Content » Vol 96, Issue 2

Short communication

Sclerosing Lipogranuloma with Multiple Skin Lesions and Pulmonary Involvement, Secondary to a Factitious Disorder

Maria Claudia Tirico, Cyro Festa Neto, Neusa Yuriko Sakai Valente and Marcello Menta Simonsen Nico*

Department of Dermatology, University of São Paulo, Rua Itapeva 500-3A, 01332-000 São Paulo, SP, Brasil. E-mail: mentanico@hotmail.com

Accepted Aug 25, 2015; Epub ahead of print Aug 28, 2015

Although the injection of paraffin, mineral oil, and silicon into body parts began to be described in the 19th century, similar procedures had been practiced before that time (1). Women undergo wrinkle correction and breast augmentation, whereas men seek to achieve erectile enhancement and penile enlargement (2–5).

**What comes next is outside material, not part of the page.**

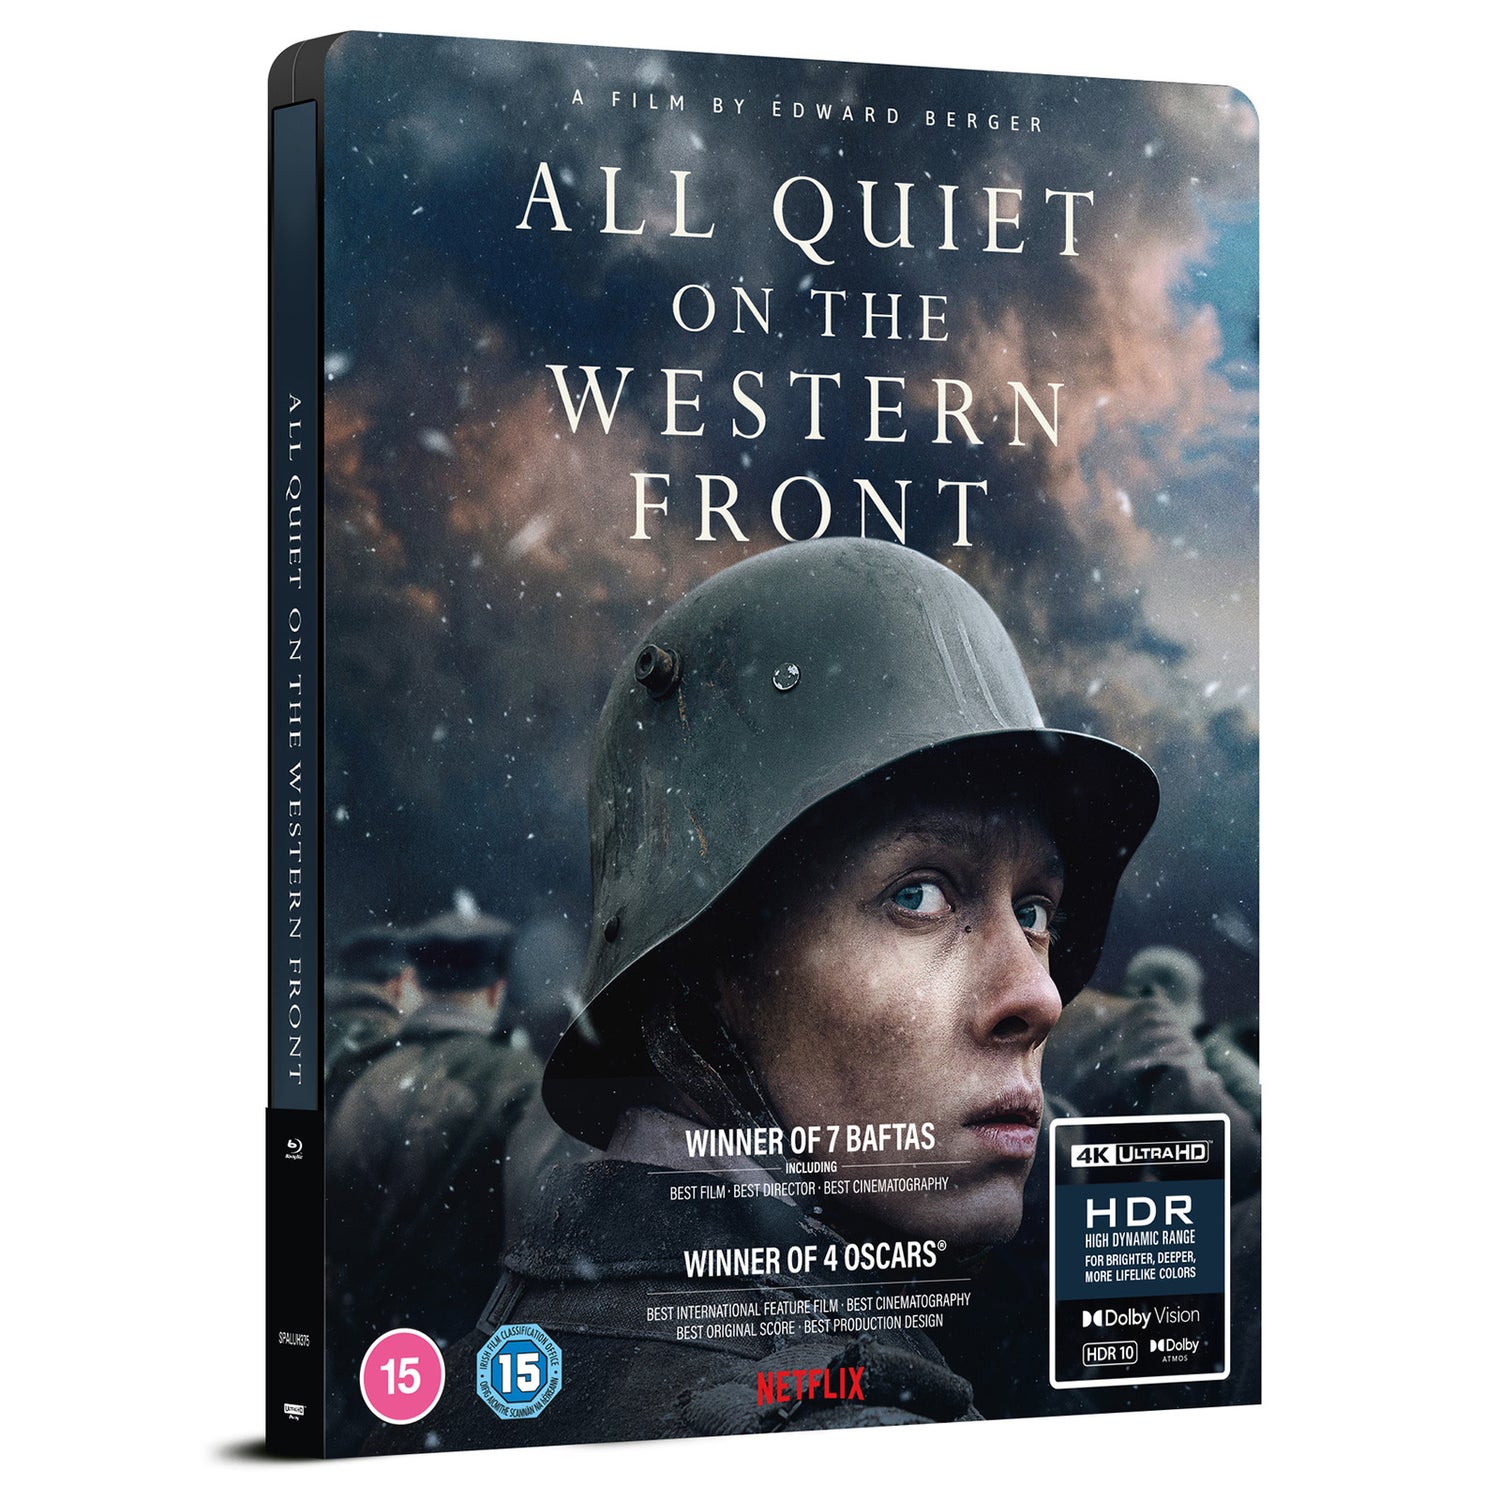 All Quiet on the Western Front 4K Ultra HD & Blu-Ray Steelbook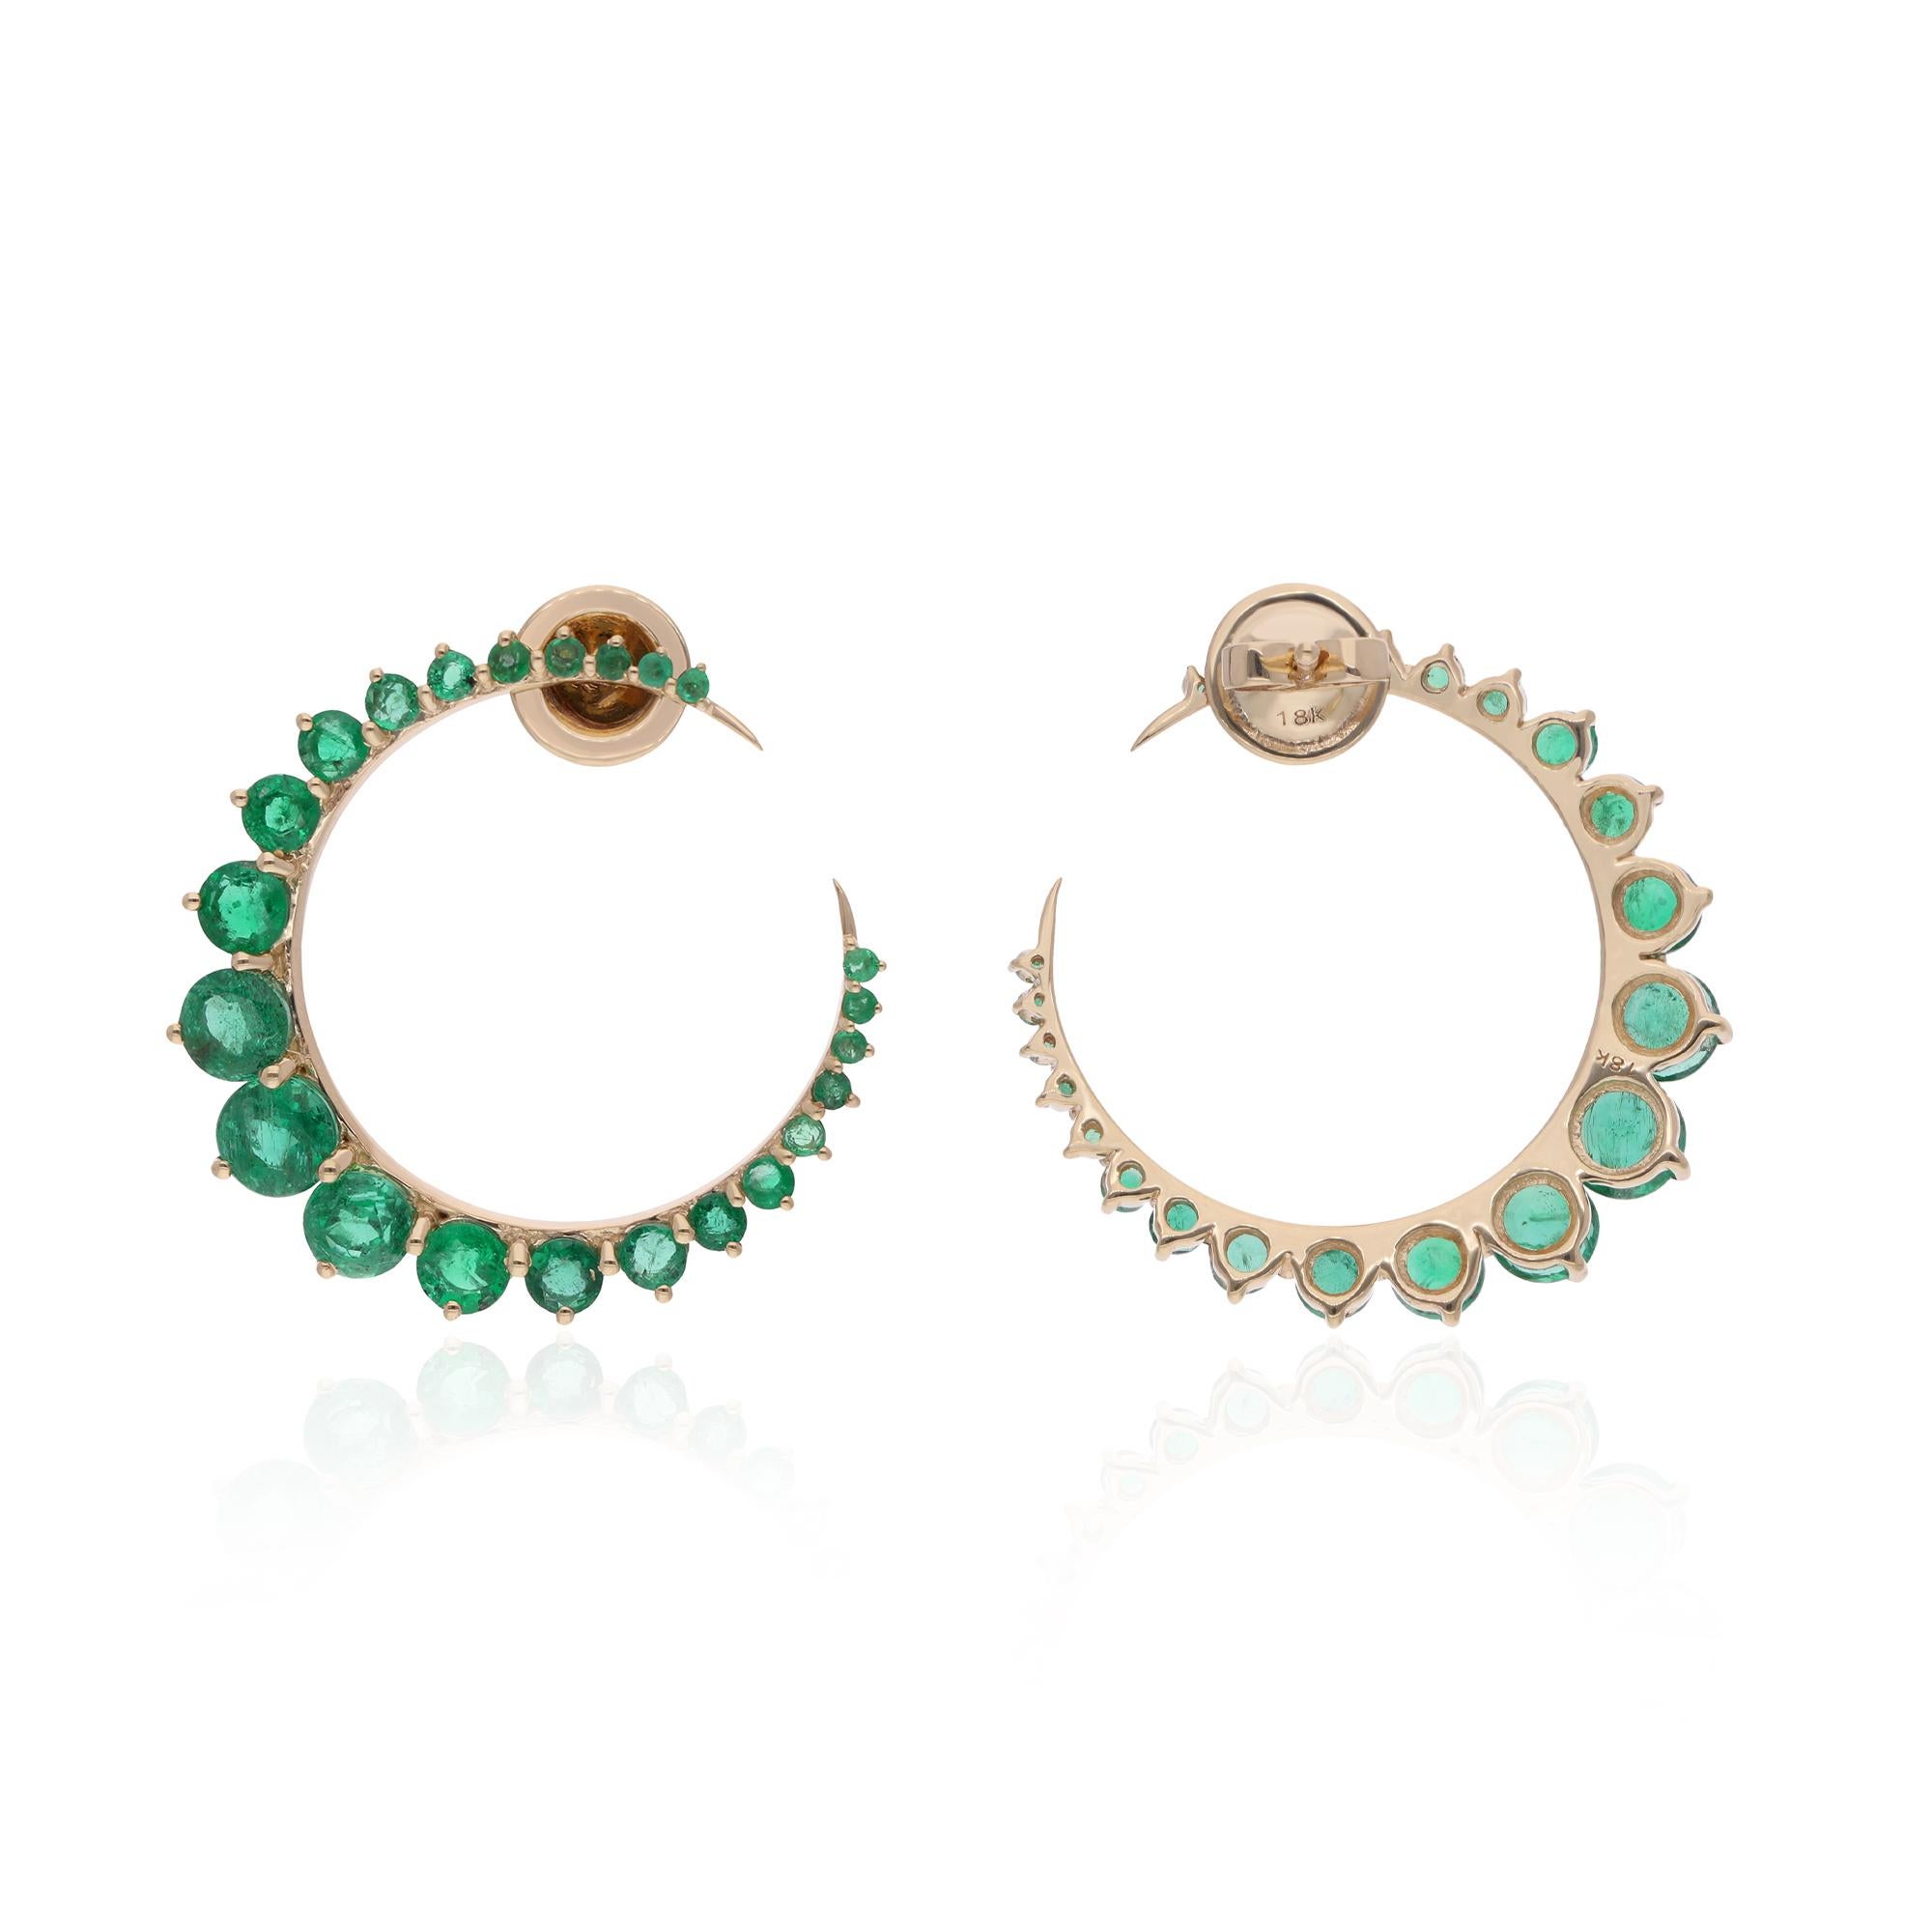 Each earring features a crescent moon design, intricately detailed and gracefully adorned with captivating Zambian Emerald gemstones. Known for their rich green hue and exceptional clarity, these emeralds are sourced from the renowned mines of

Reports on the development of subcutaneous nodules at the sites of injection abound – commonly referred to as sclerosing lipogranuloma (SL) and paraffinoma (6).

SL and paraffinoma are types of foreign body panniculitis that are characterized histopathologically by fat globules that vary in size, replacing subcutaneous fat tissue. These bodies are surrounded by multinucleated foreign body giant cells and are associated with chronic granulomatous inflammatory reactions, free fat droplets, hyalinization of fibrous tissue, fibrosis; calcification can occur in long lasting lesions (6).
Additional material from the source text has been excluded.